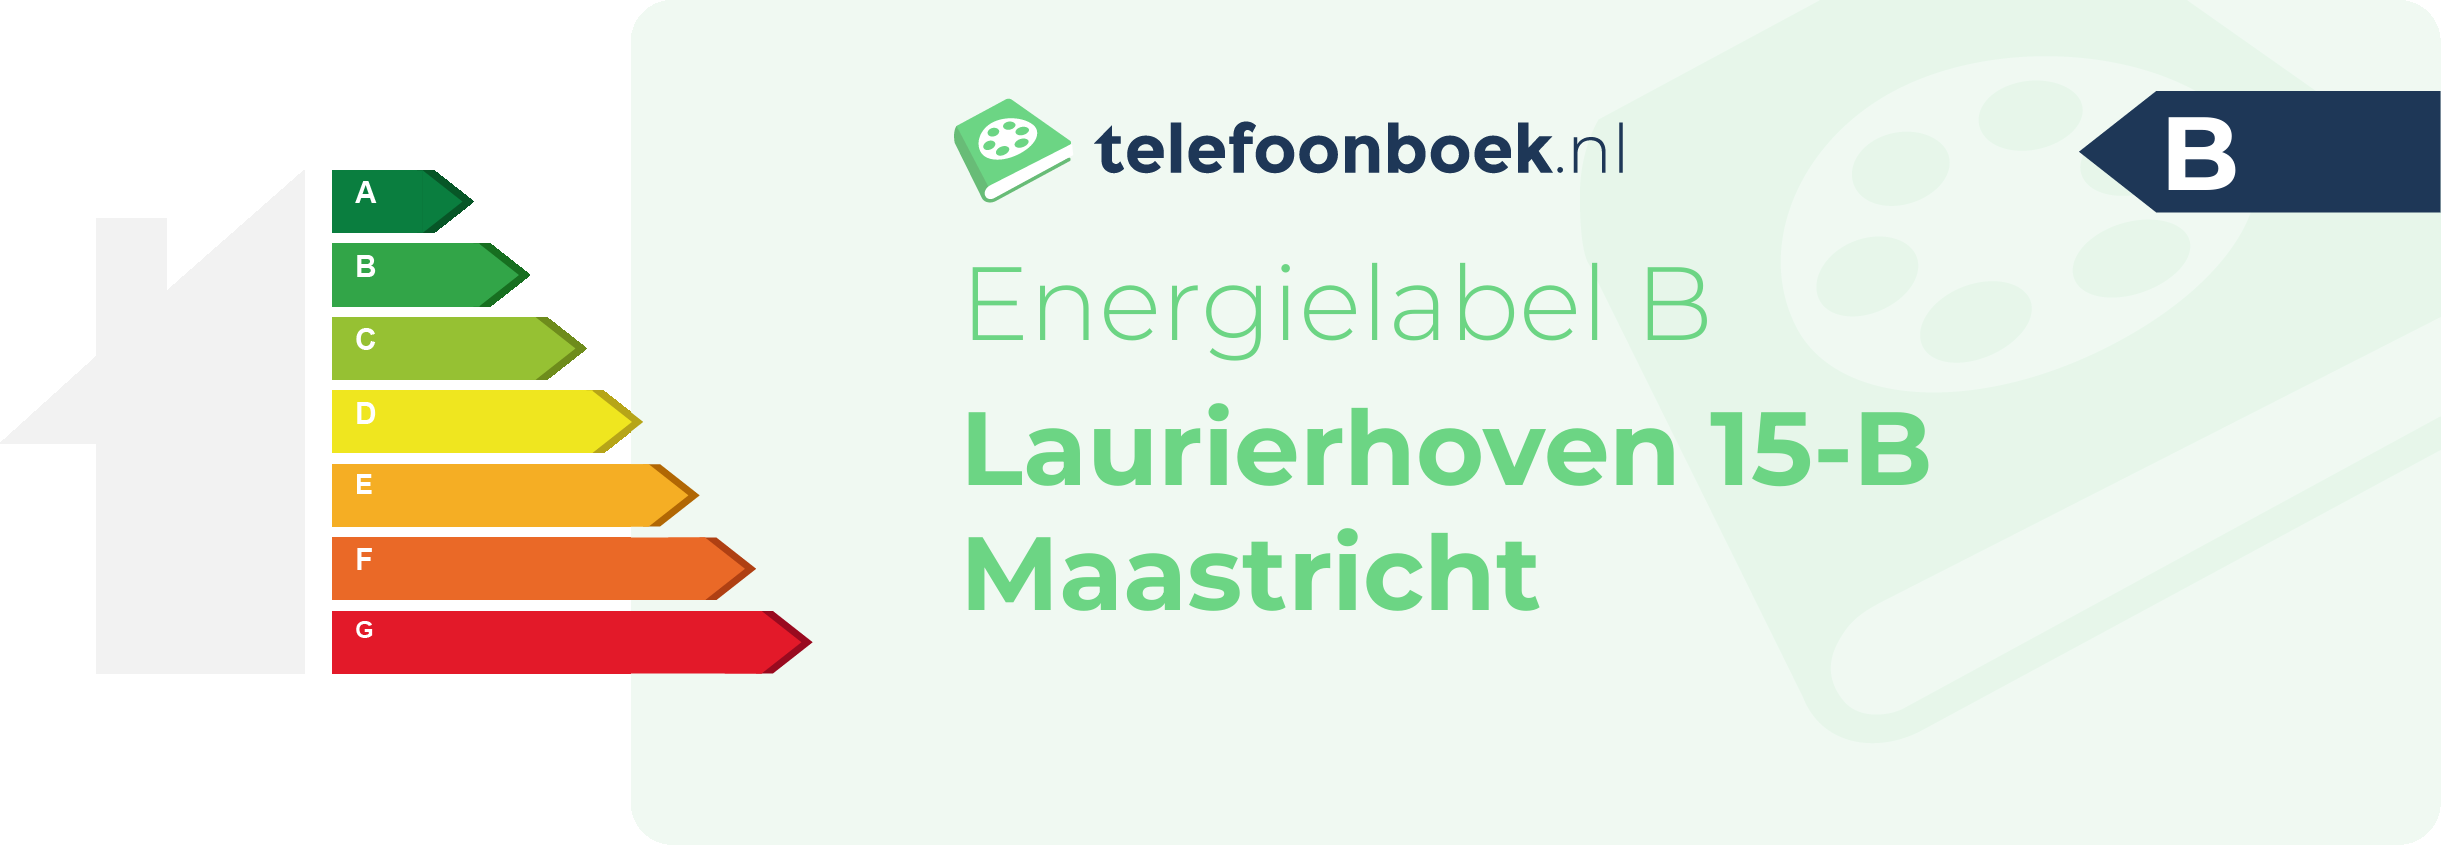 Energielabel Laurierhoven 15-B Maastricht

------

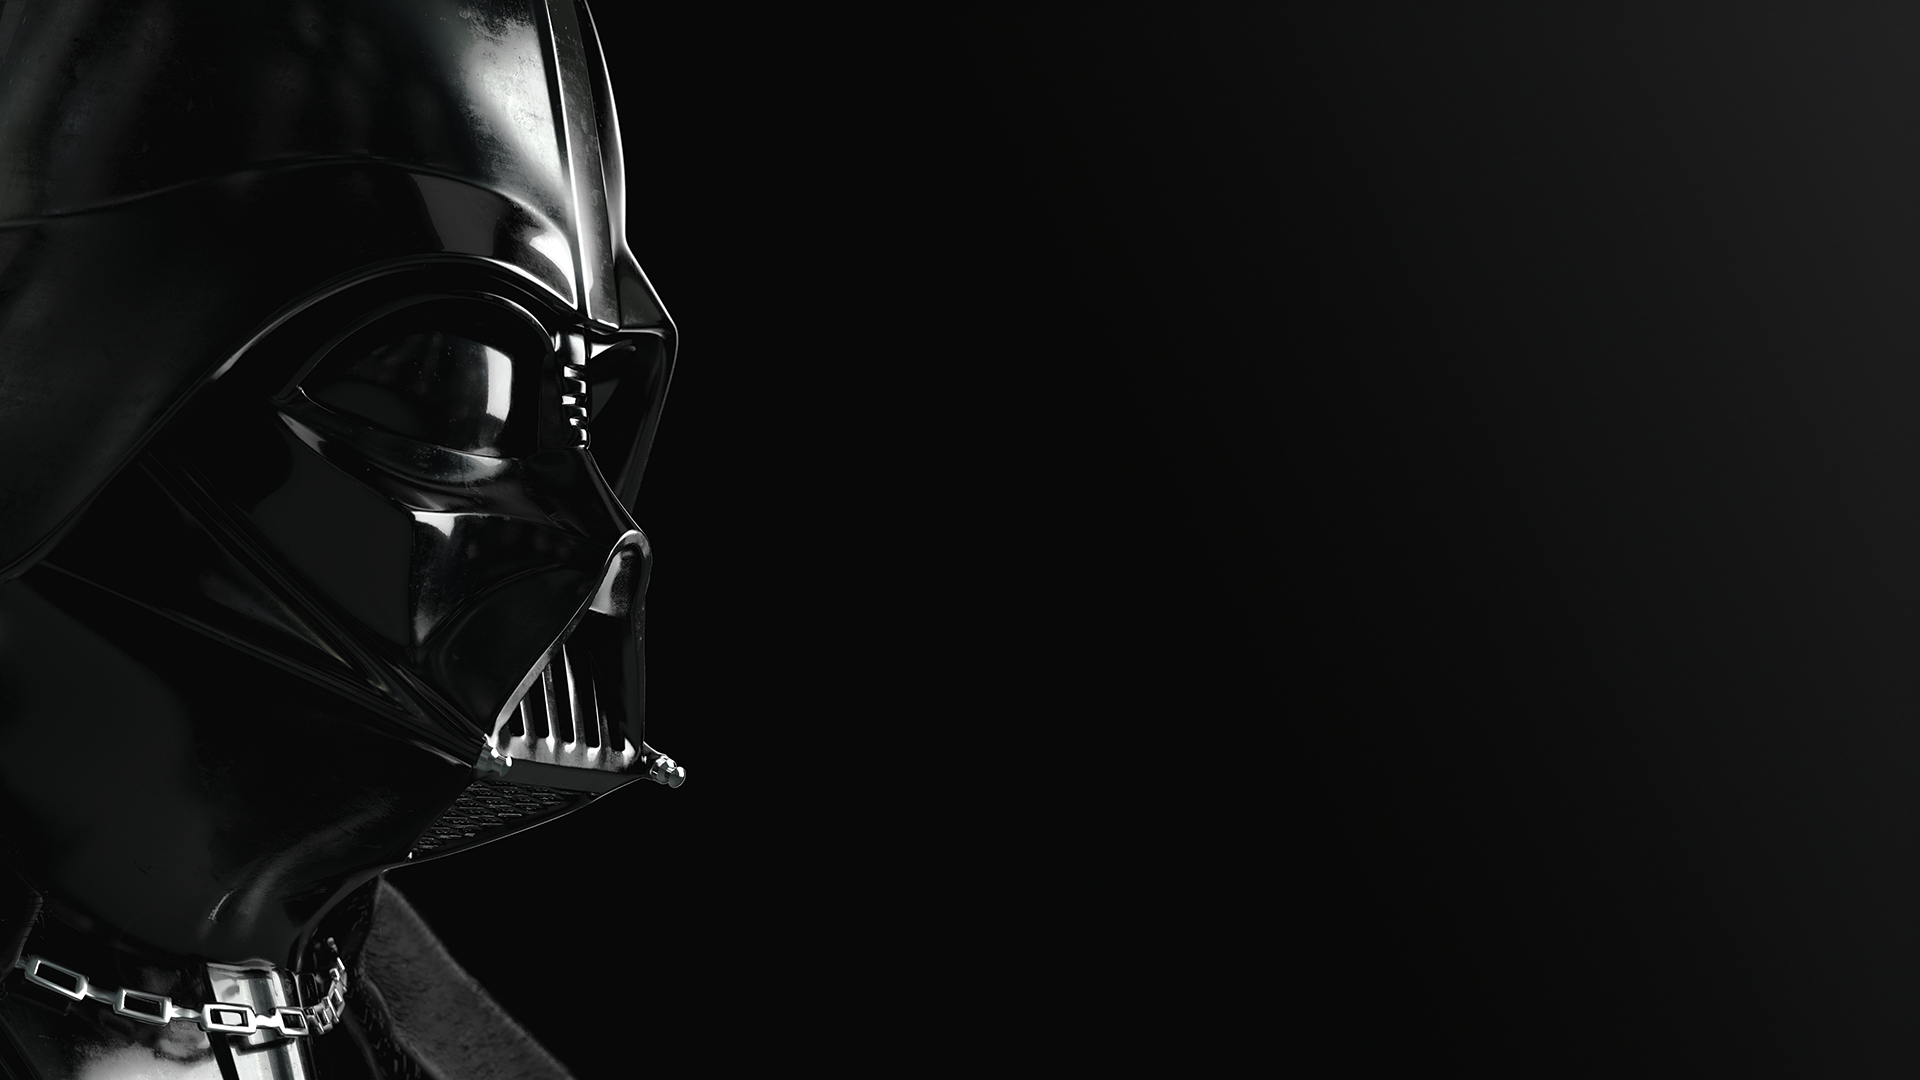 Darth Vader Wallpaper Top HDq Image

------

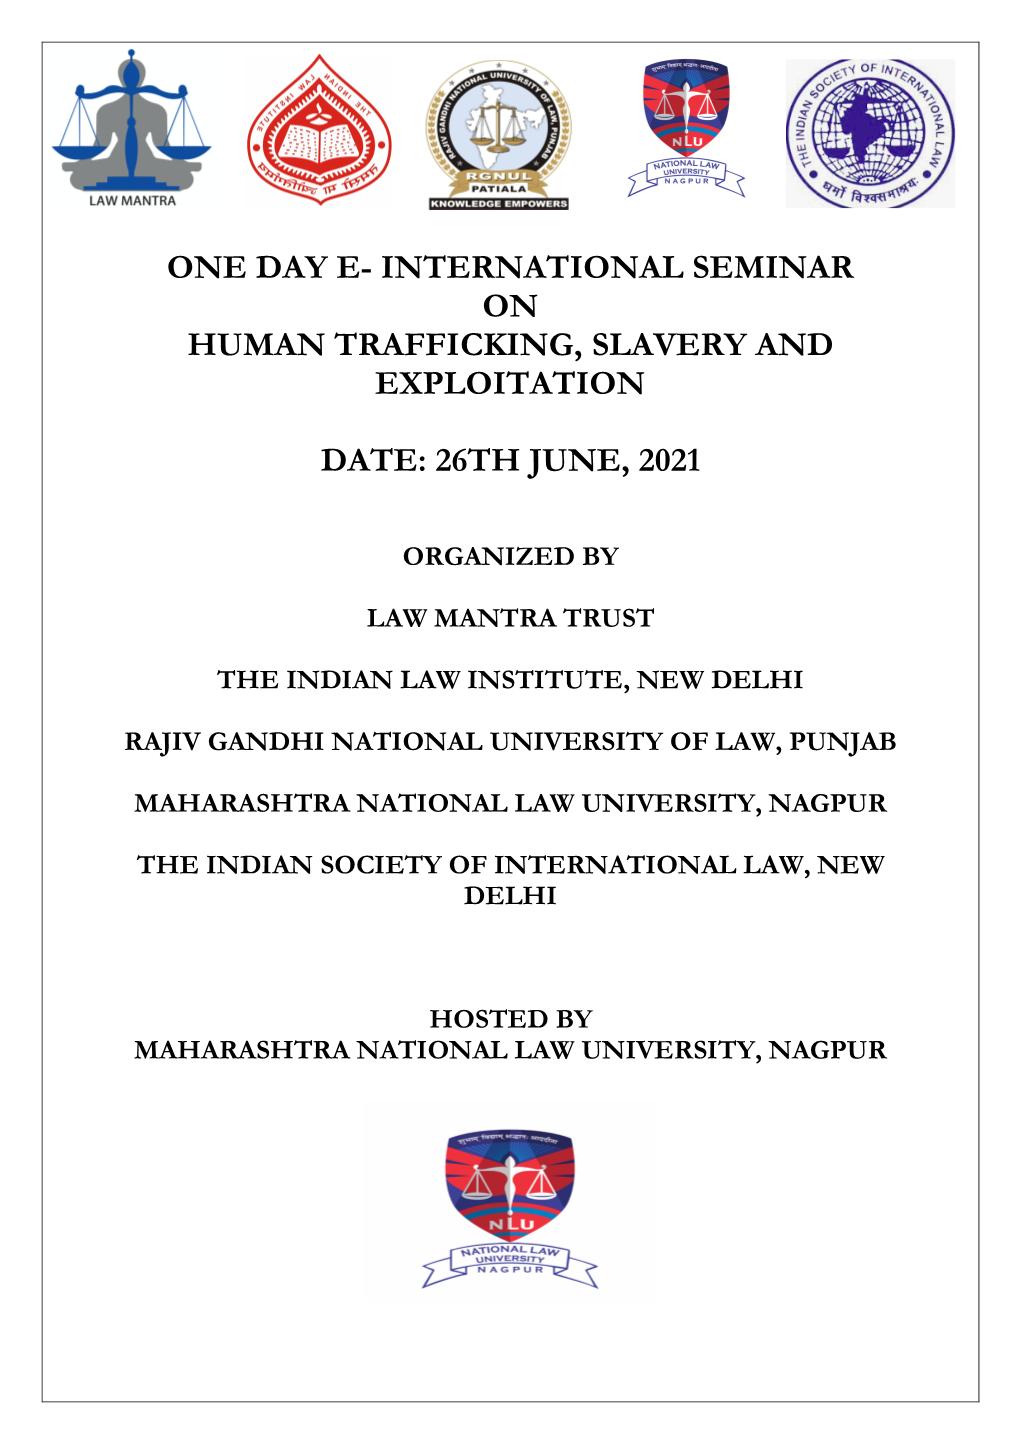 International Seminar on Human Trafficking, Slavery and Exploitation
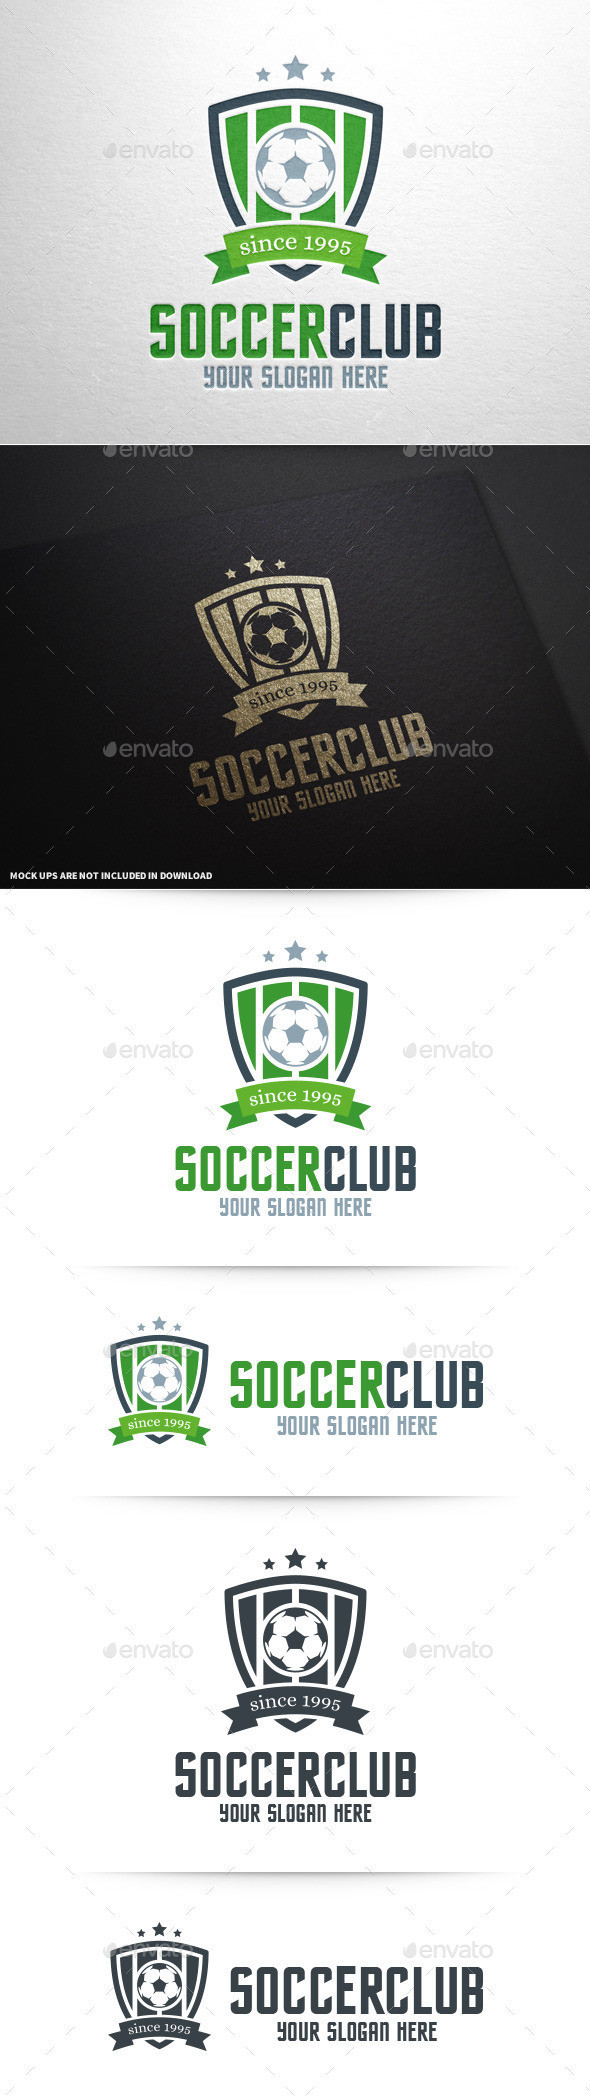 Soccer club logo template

------

**ABOUT THIS TASK**
An exact copy is needed. It runs from the line above containing "International Seminar on" down to the line containing "Soccer club logo template", both included, with no pictures.

**TASK SOLUTION**
 International Seminar on Human Trafficking, Slavery and Exploitation
 Soccer club logo template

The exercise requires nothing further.